Written by: Anuska Roy
Workplaces in India find themselves placed in a limbo of ignorance and apathy when it comes to making workspaces safer for non-binary employees. Non-binary folks have trouble feeling comfortable in their own workplaces. This complication arises due to multiple reasons. Moreover, workplace policies are incapable of taking into account gendered experiences that do not fall under the binary of male and female.
From forms to terminology to official language on paper – workplaces are still stuck with regressive language usage that shows up in policy implementations as well. A proactive redressal and inclusion audit mechanism for non-binary employees can help solve the existing gap that exists when it comes to building safe spaces for them.
Non-binary individuals are those who do not identify with the binaries of man and woman. Their gender falls within a vast spectrum. Furthermore, for non-binary individuals, their gender identity as well as gender expression is transgressional. They do not adhere to archaic modules of binaried existences.
Consequently, their gender identity and expression lead to transgressions from heteronormative structures. Hence, their gender identity or expression is not limited to the assumed categories of man and woman.
For workplaces, an inclusion audit is an essential factor in building safer spaces for non-binary employees. An inclusion audit not only provides a larger space for information dissemination but also creates a safer space for feedback as well as measures lived experiences of inclusivity at workplaces. Non-binary folks often face erasure when it comes to policy implementation at workplaces. Hence, inclusion audits to ensure a safe space for representation as well as removes appropriation for non-binary employees at workplaces.
An inclusion audit is a way for HR professionals to better understand how their employees have experienced diversity and inclusion policies at workplaces. At the heart of it, diversity and inclusion at workplaces must focus on identifying biases and working towards eliminating them. An ideal workspace that identifies these biases and prejudices is also one that is proactively listening to their employees. Consequently, workplaces then must have mechanisms in place that help them build conversations around these issues.
Inclusion audits not only help HR professionals learn from their employees but also places authority within the hands of employees. Moreover, inclusion audits also help marginalised groups within workplaces voice their concerns. This creates a positive and healthy chain of communication that goes a long way in building strategies for marginalised groups within workplaces.

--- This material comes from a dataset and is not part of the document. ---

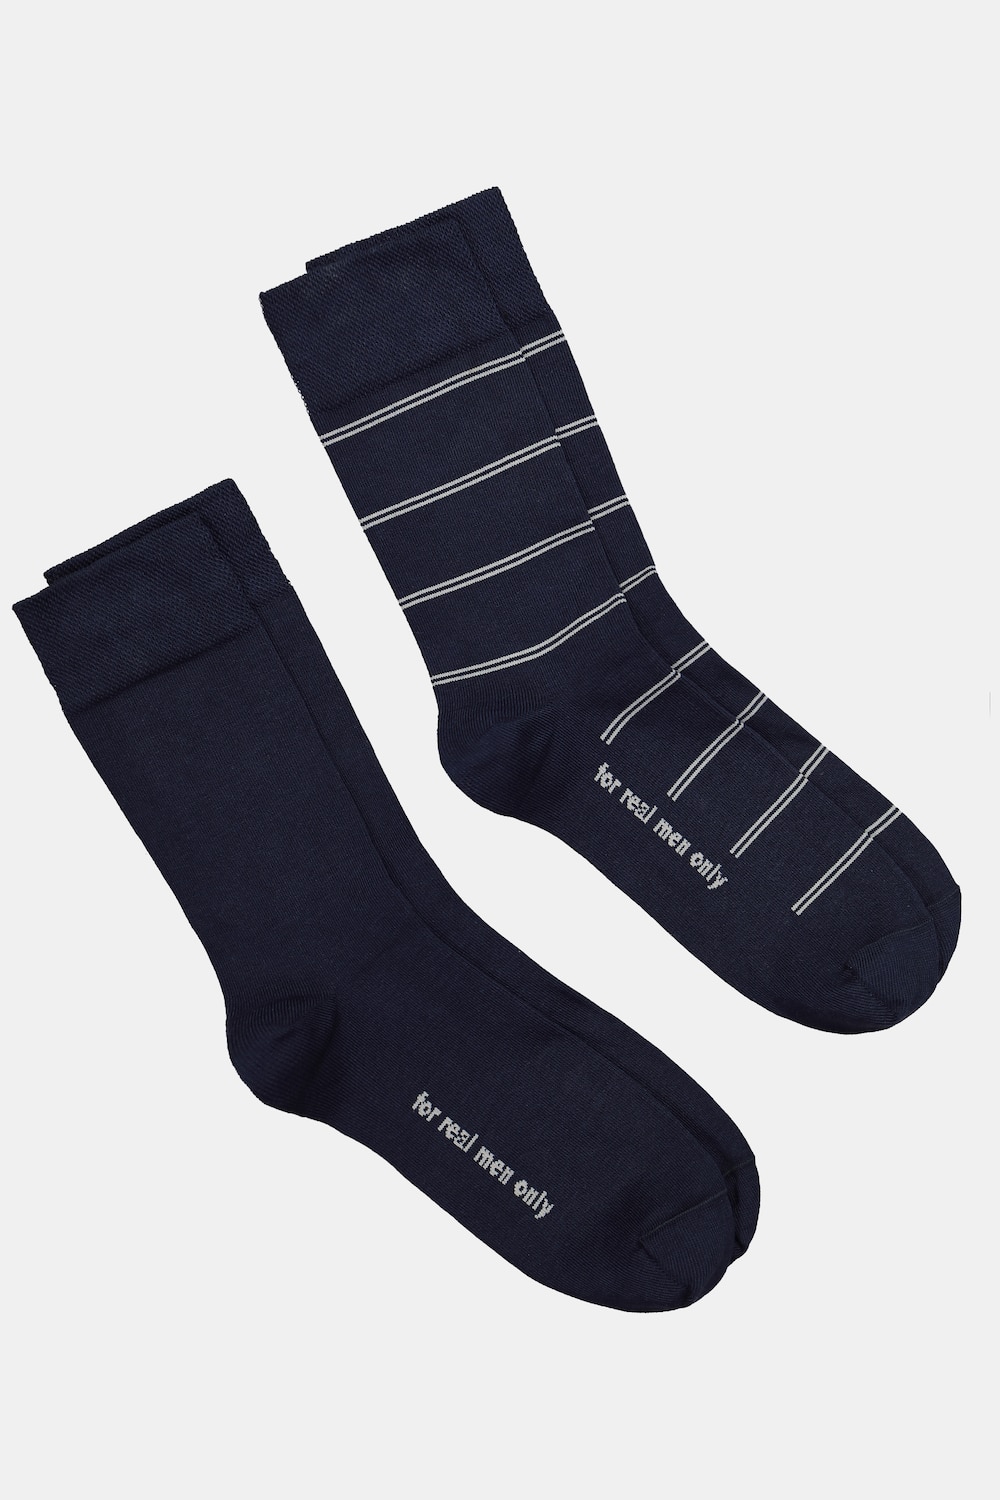 Große Größen JP1880 Socken, Herren, blau, Größe: 43-46, Baumwolle/Synthetische Fasern, JP1880 von JP1880

While the larger conversation around making workplaces more inclusive for non-binary employees require a deeper look into existing gaps and interventions – some policies that can otherwise make workspaces safer for them are:
Workplace culture often focuses on using binaried terms in official paperwork as well as informal conversations. Using terminology that is inclusive of all genders is an integral step towards creating a more diverse and inclusive workforce. Gendered terms in policies such as maternal leave can be replaced by terms such as parental leave. Moreover, normalising the usage of pronouns in internal as well as external communication helps create a safer space for non-binary employees.

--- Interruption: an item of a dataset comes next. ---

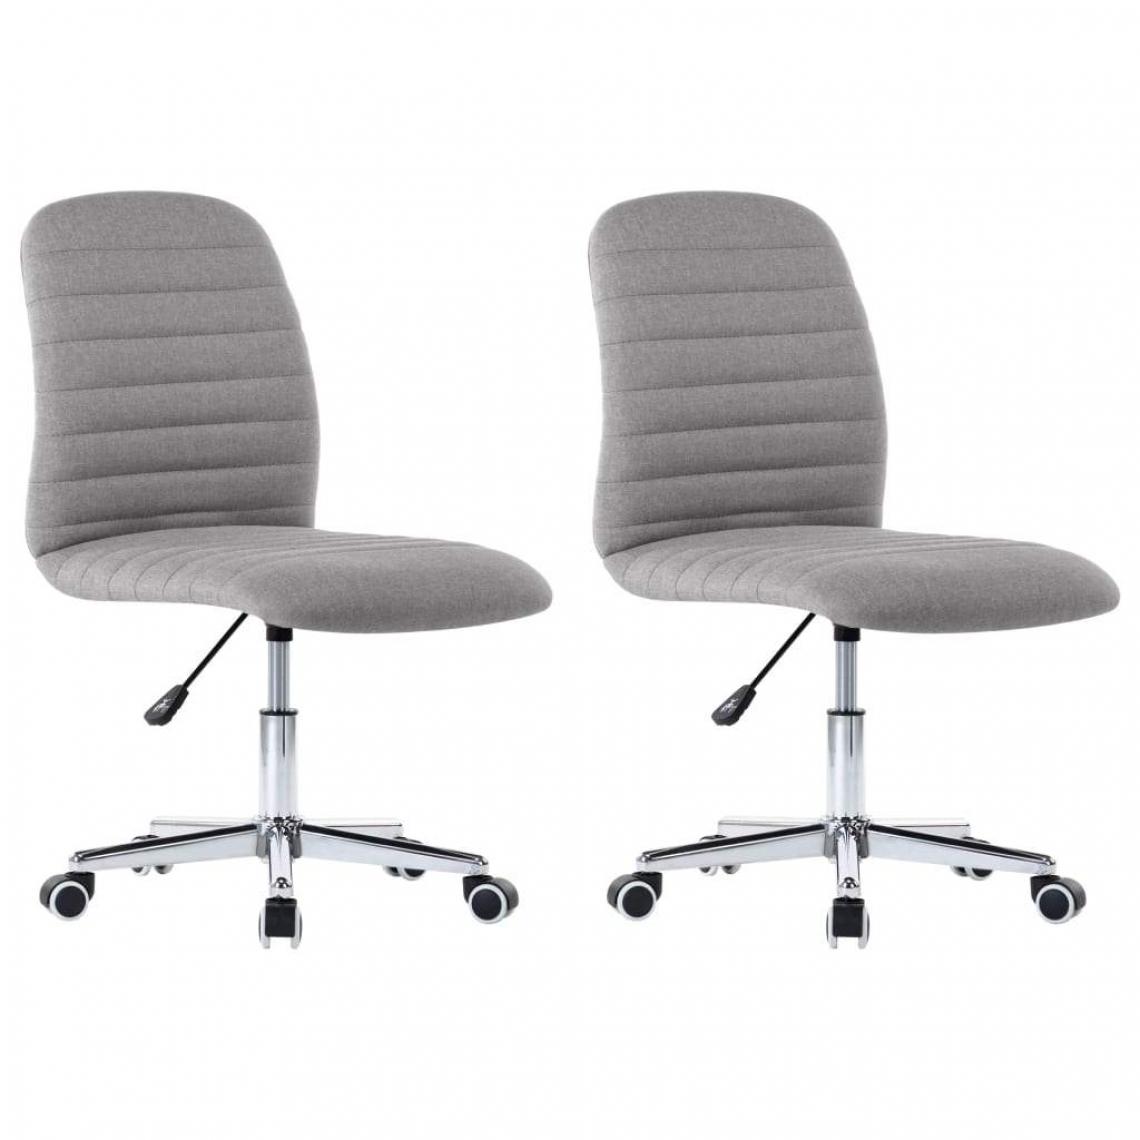 Decoshop26 - Lot de 2 chaises de salle à manger cuisine sur roulettes hauteur réglable en tissu gris clair CDS020494 - Chaises

It is important to place non-binary employees within structures that focus on policy research and implementation. Having non-binary employees within advisory councils and boards is another way to ensure that their voices are being heard. Moreover, placing non-binary individuals in policymaking mechanism or advisories is essential to ensure representation as well as to avoid appropriating their space.
Support groups are important to help non-binary individuals find their safe space especially for those who are fresh joiners for any workplace. Building support groups for non-binary individuals can aid in helping them feel welcome and safe in their space of work. Support groups are not only an important part of building integral solidarities within workplaces but also act as important spaces where people can rely on for support when it comes to redressals.
Being mindful of language usage as well as information dissemination is important. Invasive questions related to their gender identity or bodily functions must be penalised to set up safe spaces for them. Non-binary employees must feel safe to access common spaces at their workplace and uncomfortable questions by colleagues or supervisors can hinder the same.
A workplace that works towards ungendering these essential spaces is able to make their workplace safe for non-binary employees. Gender-neutral washrooms at workplaces are a basic start to making non-binary individuals feel safe. Normalizing the usage of pronouns in internal as well as external communications is another integral part of building safe spaces for non-binary persons.
Inclusion audits are a great way to avoid any risk of appropriation. Non-binary employees can put forward their requirements and grievances. Consequently, this helps professionals understand critical junctures that need an immediate address. Moreover, this also helps professionals chalk out a constructive plan of action that would entail a more inclusive outlook towards workplace policies. With inclusion audits, workplaces can have a quantitative outlook on how their workplace culture is currently functioning as well as what needs to be revised moving forward.